- Origin: Durham, North Carolina
- Genres: Hip hop, soul
- Years active: 2007–present
- Members: Pierce Freelon, Eric Hirsh, Stephen Coffman, Peter Kimosh
- Website: http://www.thebeastmusic.com

= The Beast (band) =

American hip hop group

The Beast is an American alternative hip hop band from Durham, North Carolina. They were formed in 2007 by emcee Pierce Freelon, drummer Stephen Coffman, bassist Peter Kimosh and pianist Eric Hirsh. All members of the band are graduates of UNC Chapel Hill. The Beast is best known for their 2010 album, Freedom Suite, which was recorded with jazz vocalist Nnenna Freelon and released in collaboration with Okayplayer's jazz channel The Revivalist. Other artists the Beast has collaborated with include 9th Wonder, YahZarah, Phonte, The Apple Juice Kid, Geechi Suede (of Camp Lo) and Branford Marsalis.
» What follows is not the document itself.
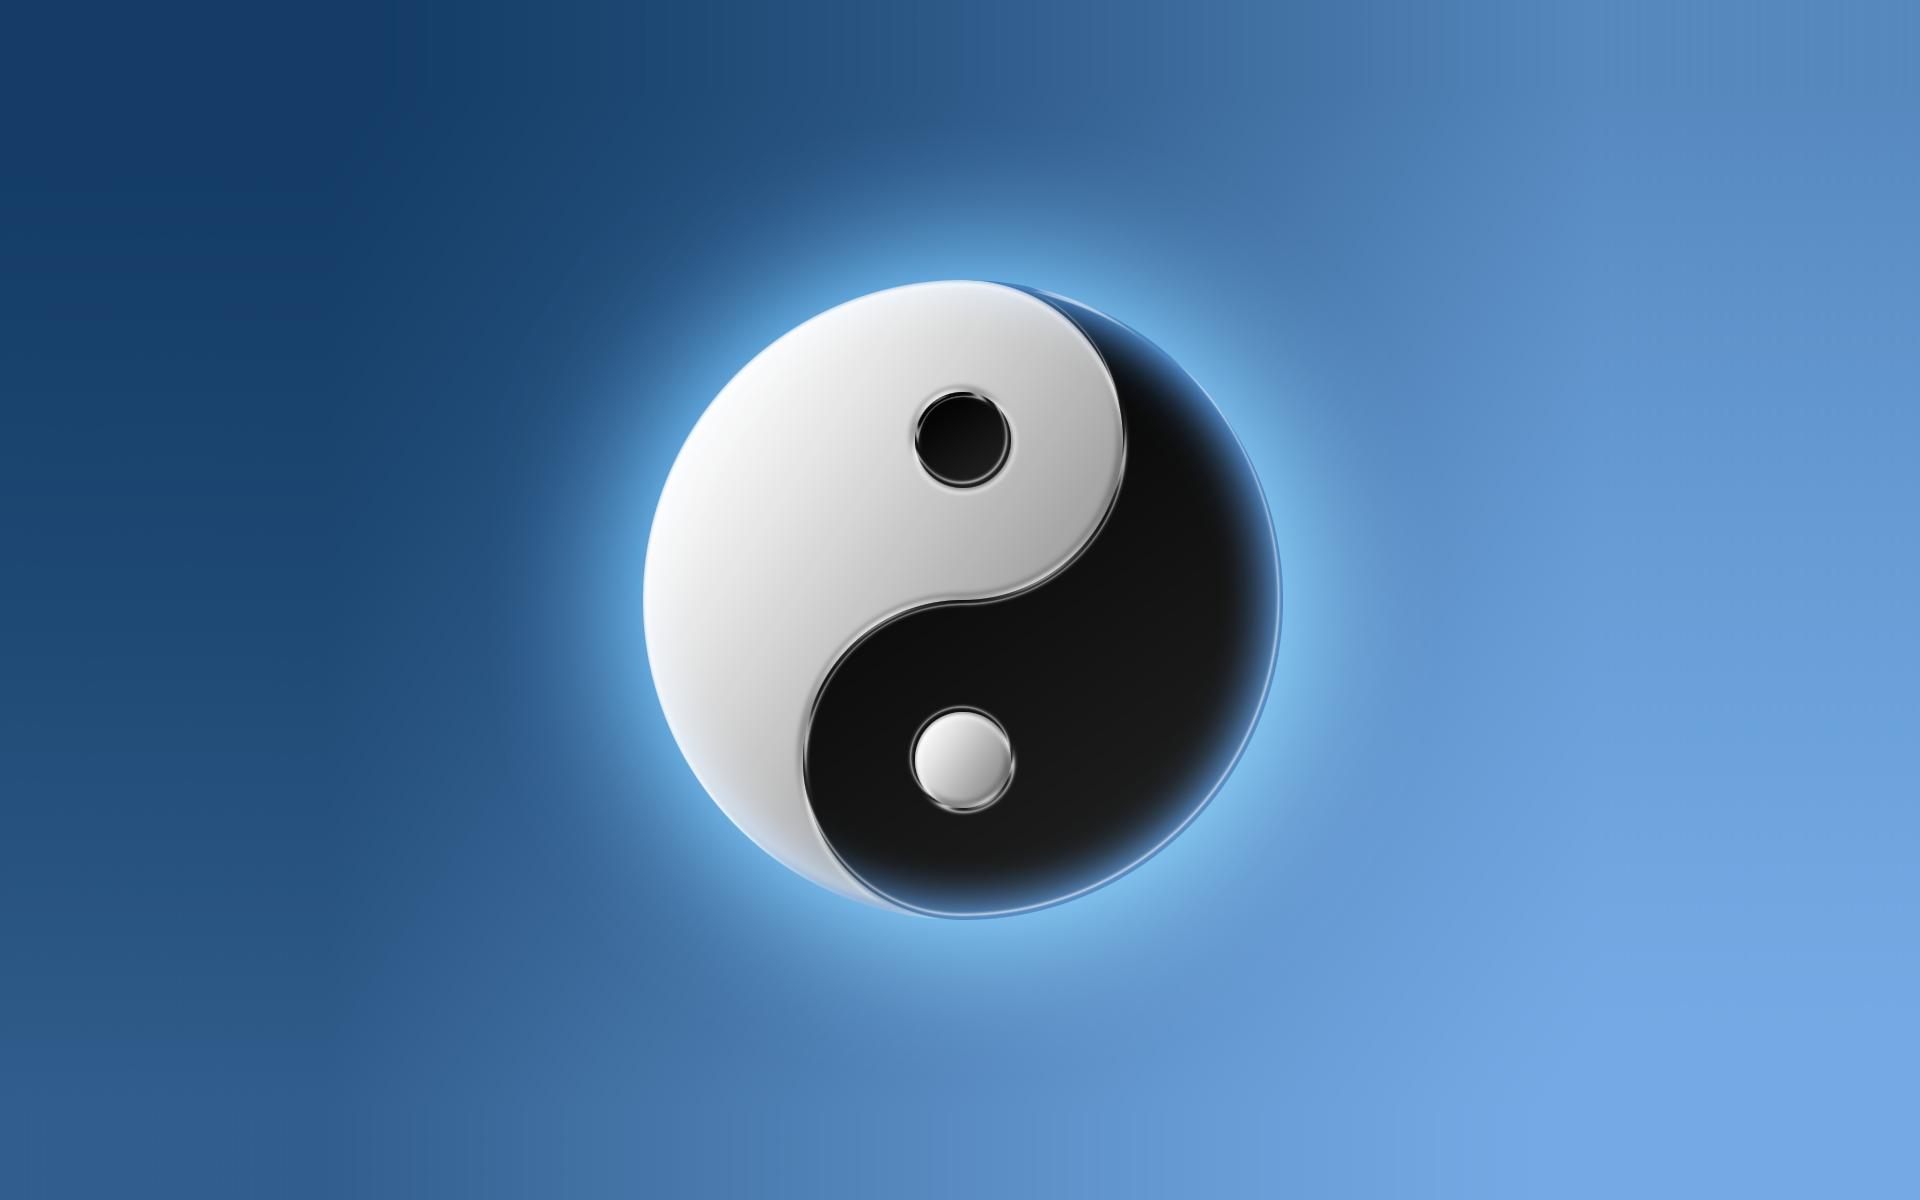 Yin yang hd wallpaper wallpapersafari - Yin and yang wallpaper ...

The band has been praised for their progressive lyrics and eclectic, jazz-based production.

== Discography ==

- Belly (EP, 2008)
- Silence Fiction (2009)
- Freedom Suite (2010)
- Guru Legacy (EP, 2011)
- Gardens (EP, 2013)
- Stories (EP, 2014)
- Doin' What I Love (single, 2015)
- Woke (2017)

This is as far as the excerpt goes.